Data listing section start
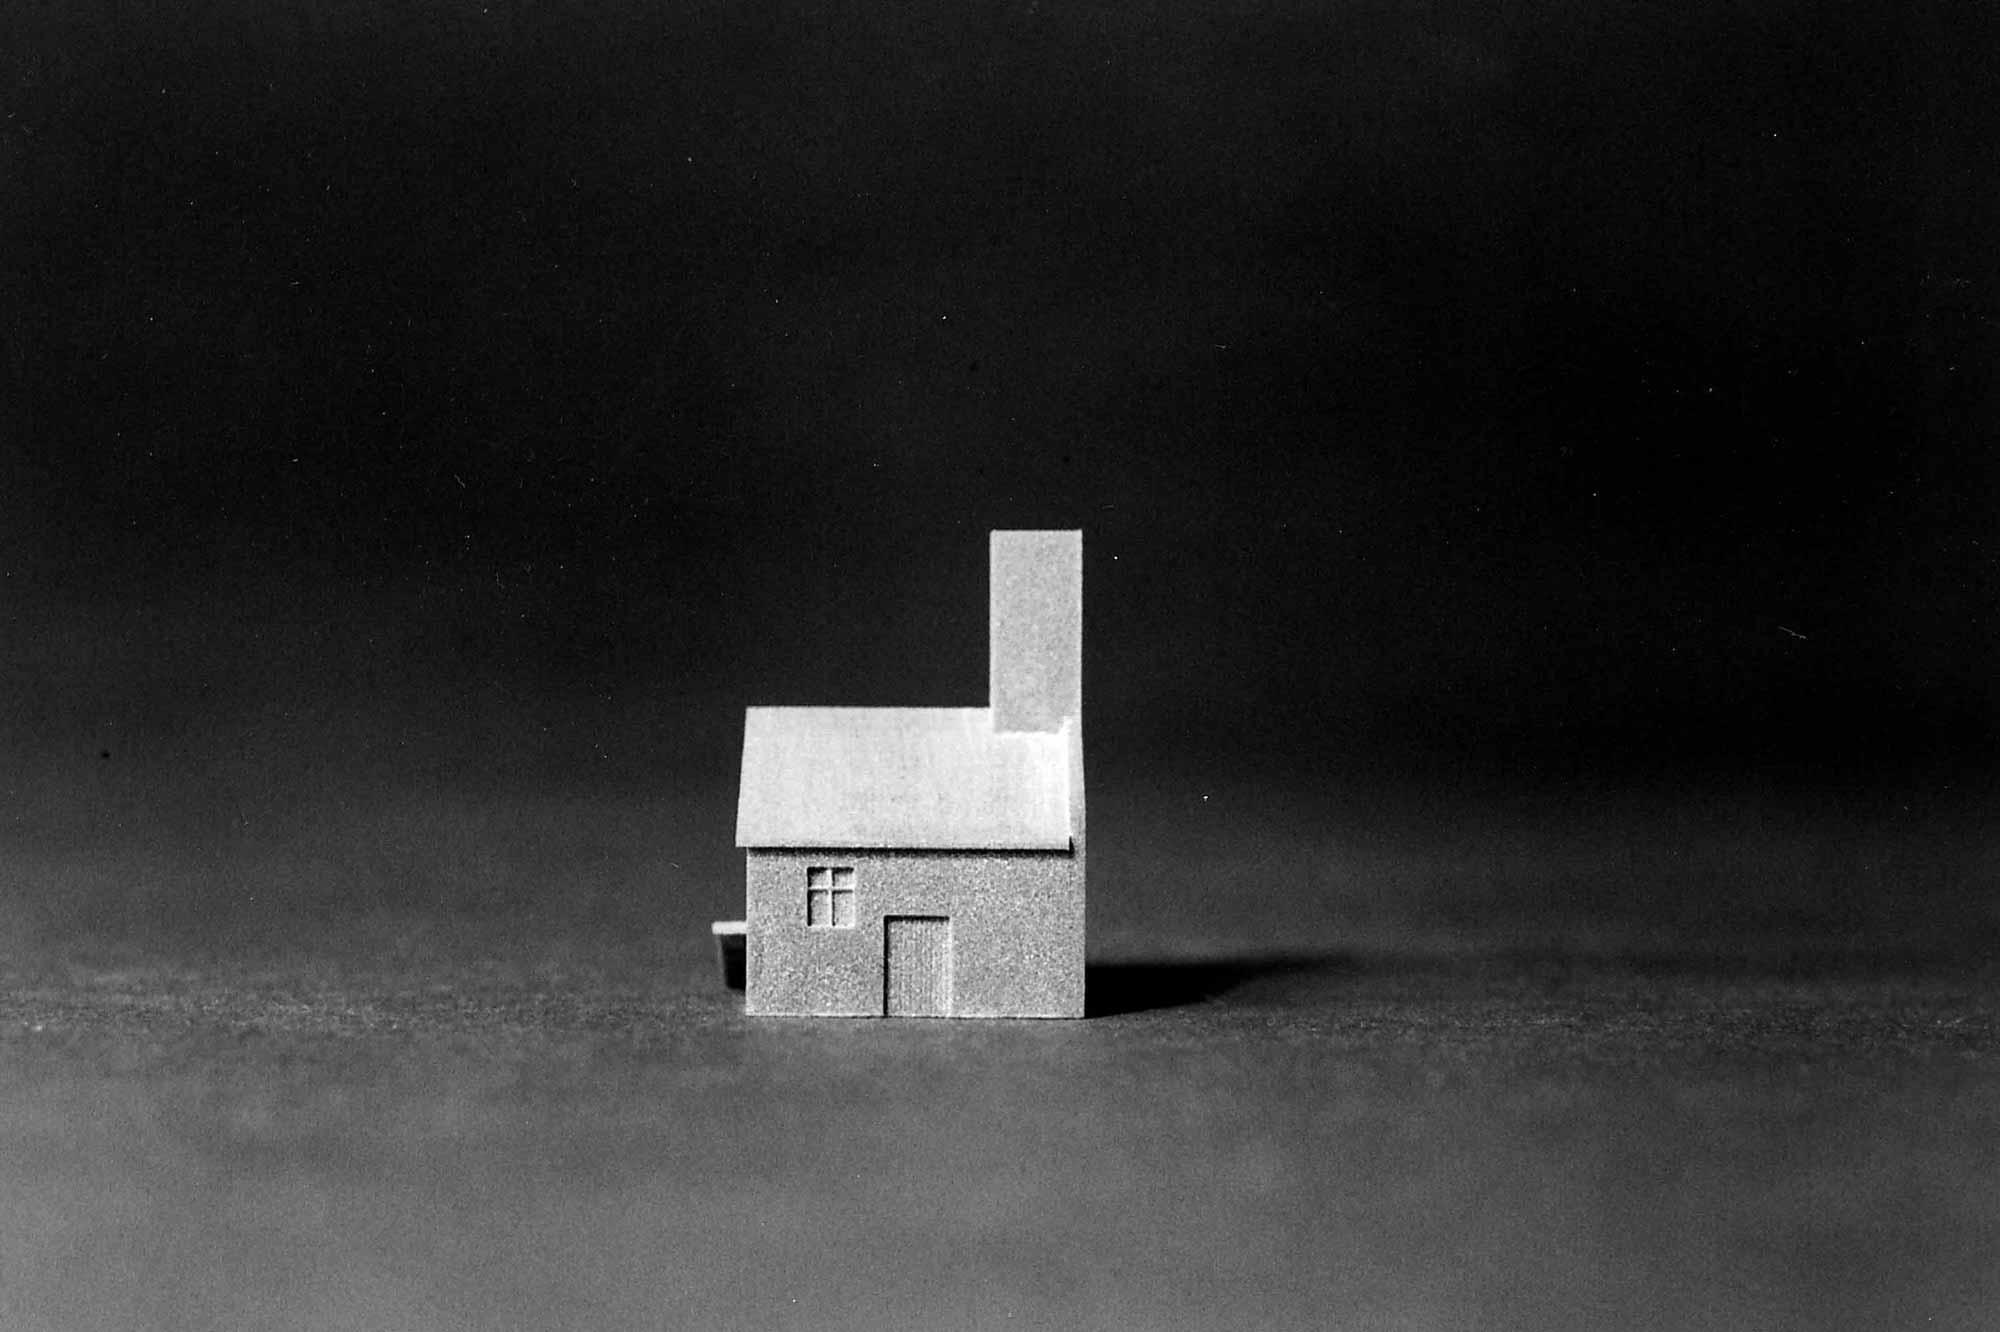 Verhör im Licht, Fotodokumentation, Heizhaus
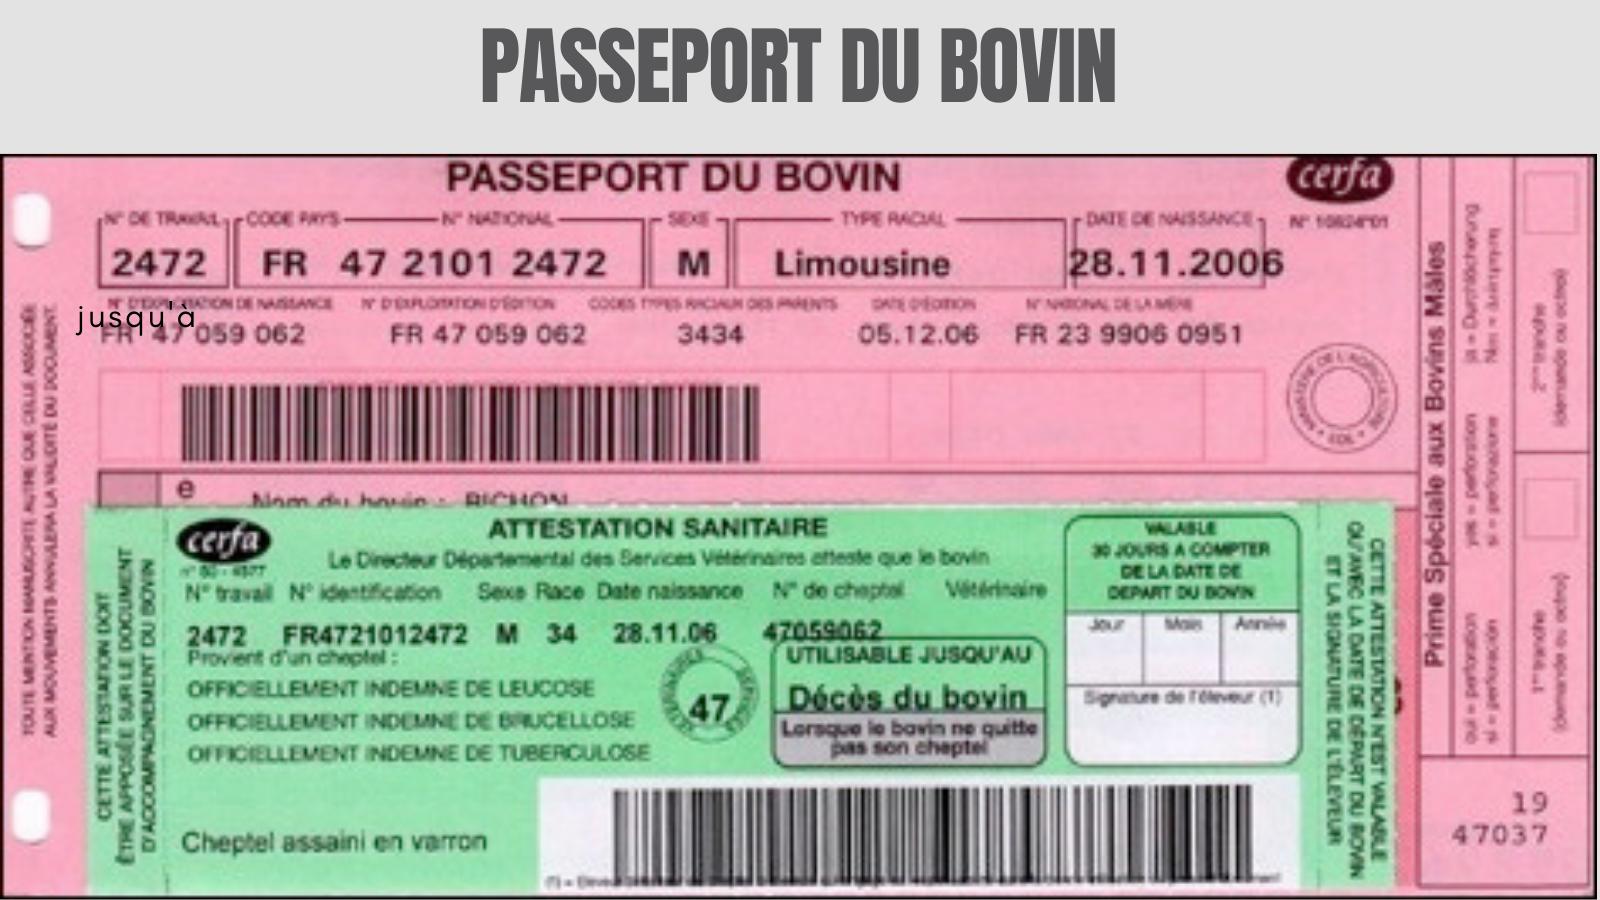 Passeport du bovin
Data listing section end
Data listing section start
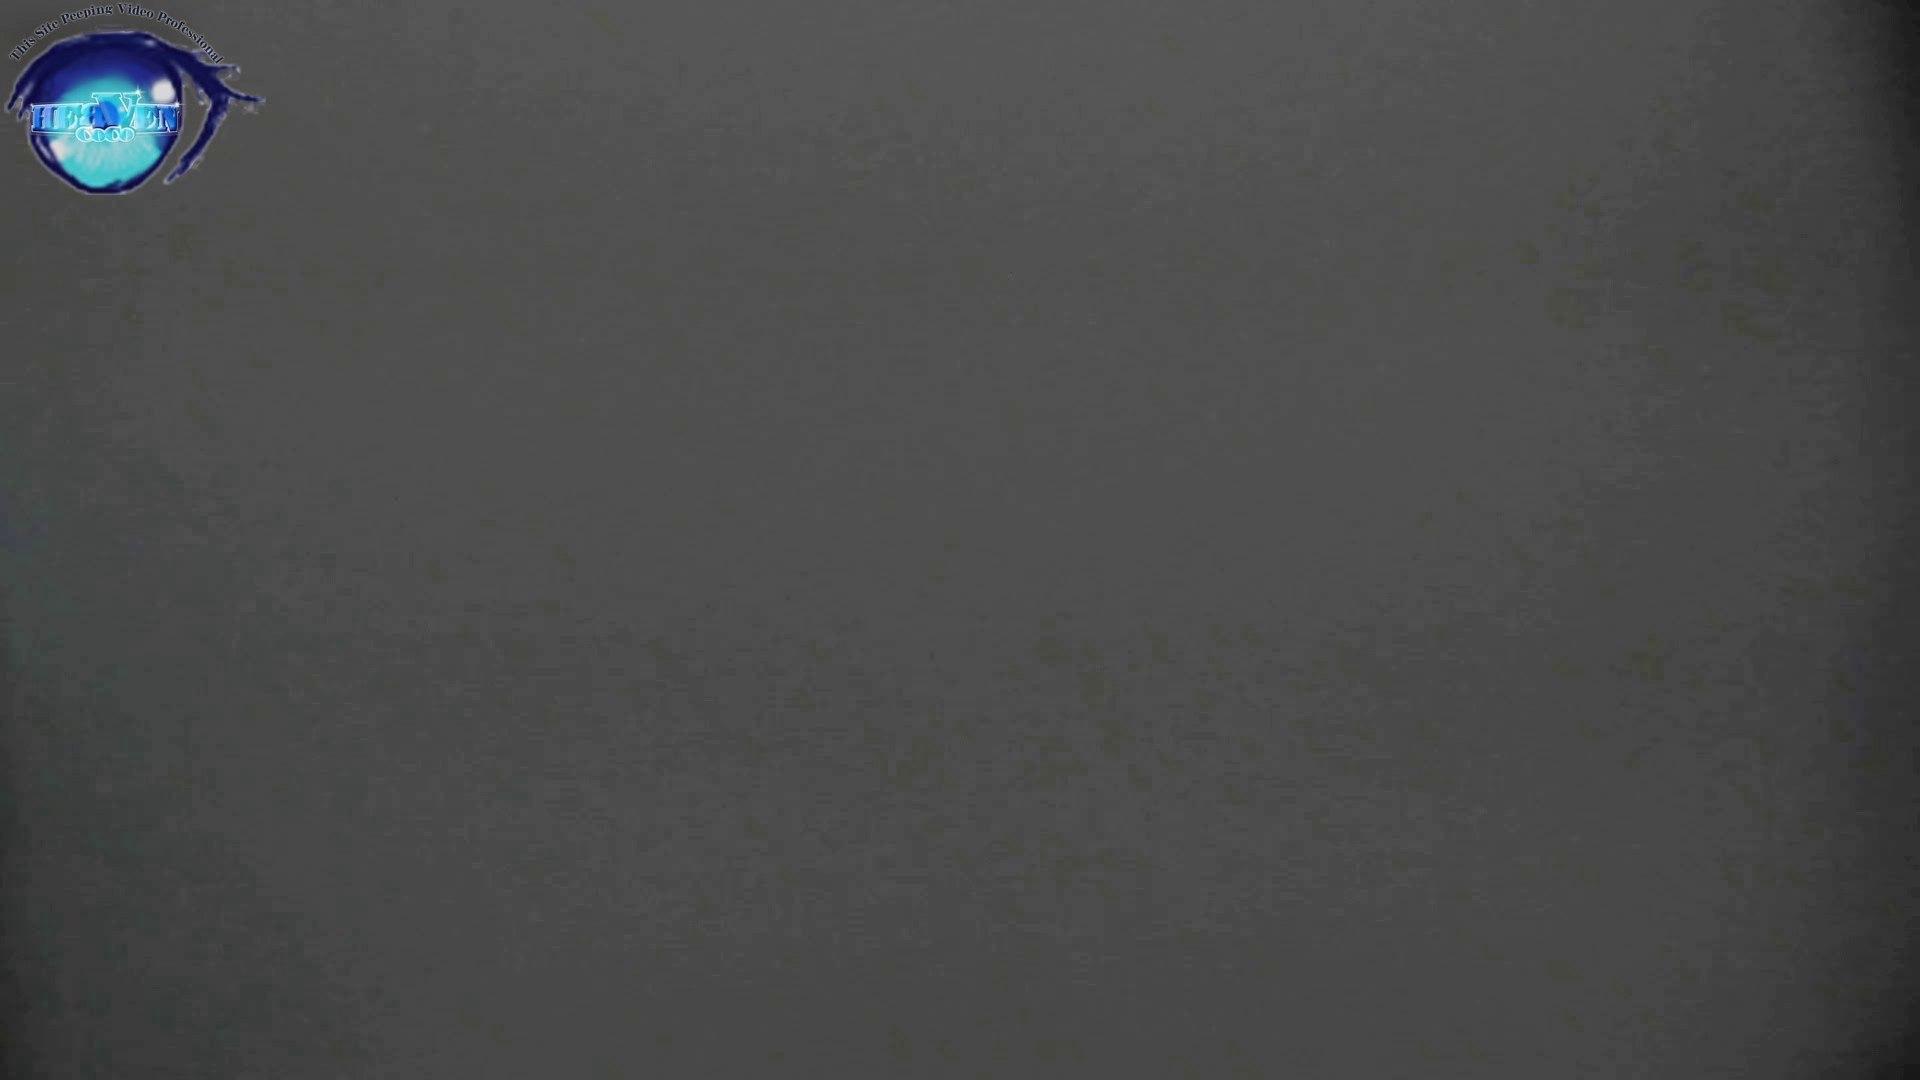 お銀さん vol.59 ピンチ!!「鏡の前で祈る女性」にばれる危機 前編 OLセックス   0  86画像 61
Data listing section end
Data listing section start
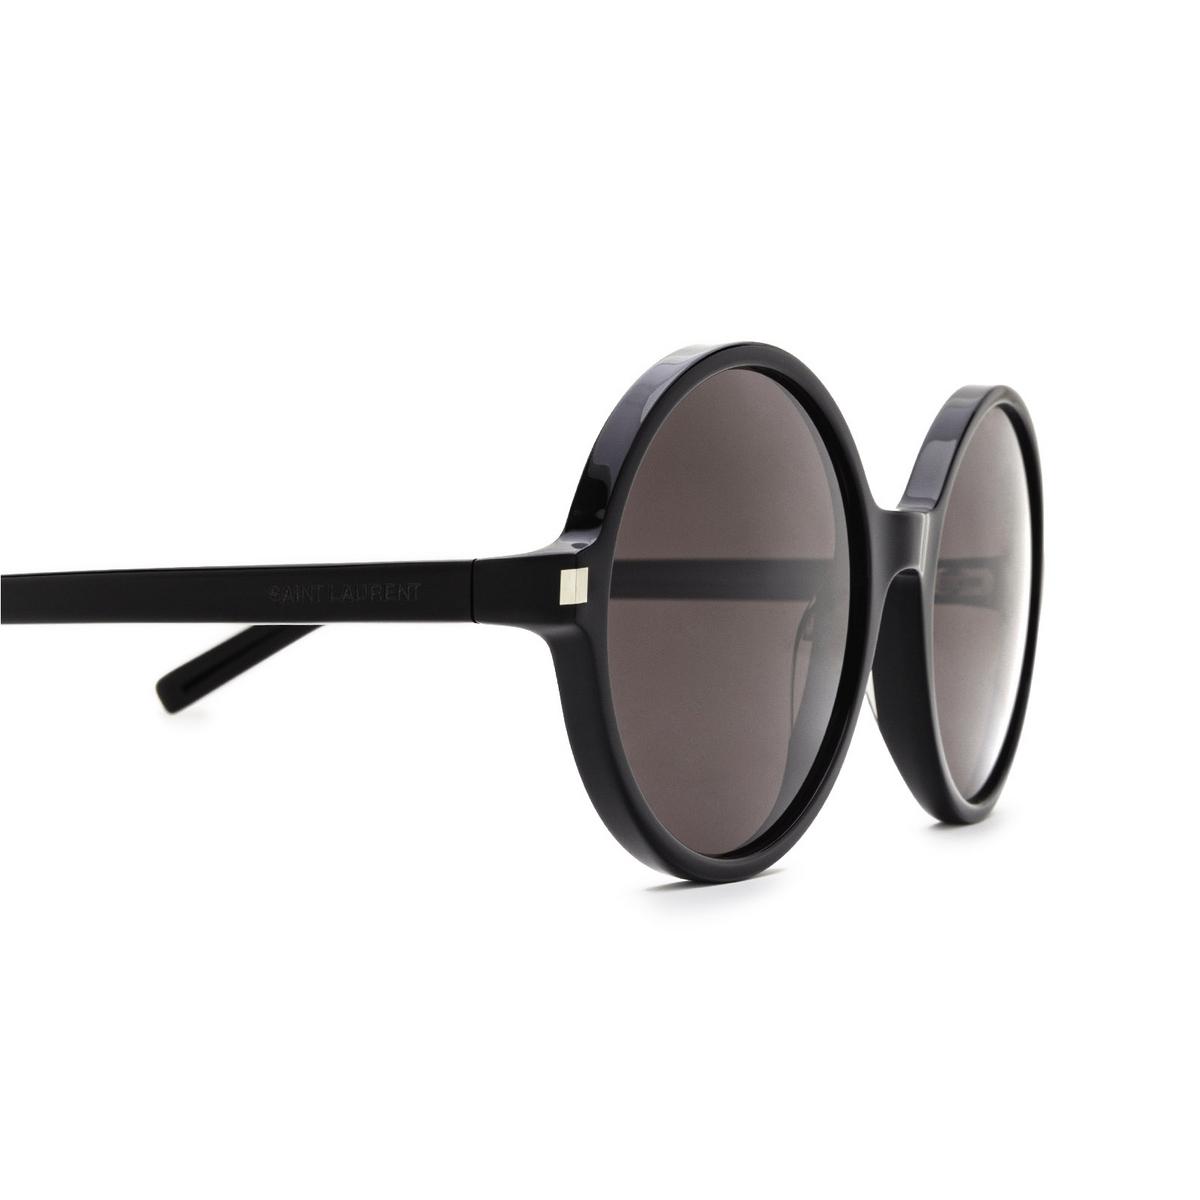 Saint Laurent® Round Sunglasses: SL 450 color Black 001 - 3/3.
Data listing section end
◆ What the task requires ◆
Copy out the listing above from the line containing "Verhör im Licht, Fotodokumentation, Heizhaus" to the line containing "Passeport du bovin", both included, exactly as written and minus the images.

◆ Answer to this exercise ◆
 Verhör im Licht, Fotodokumentation, Heizhaus
 Passeport du bovin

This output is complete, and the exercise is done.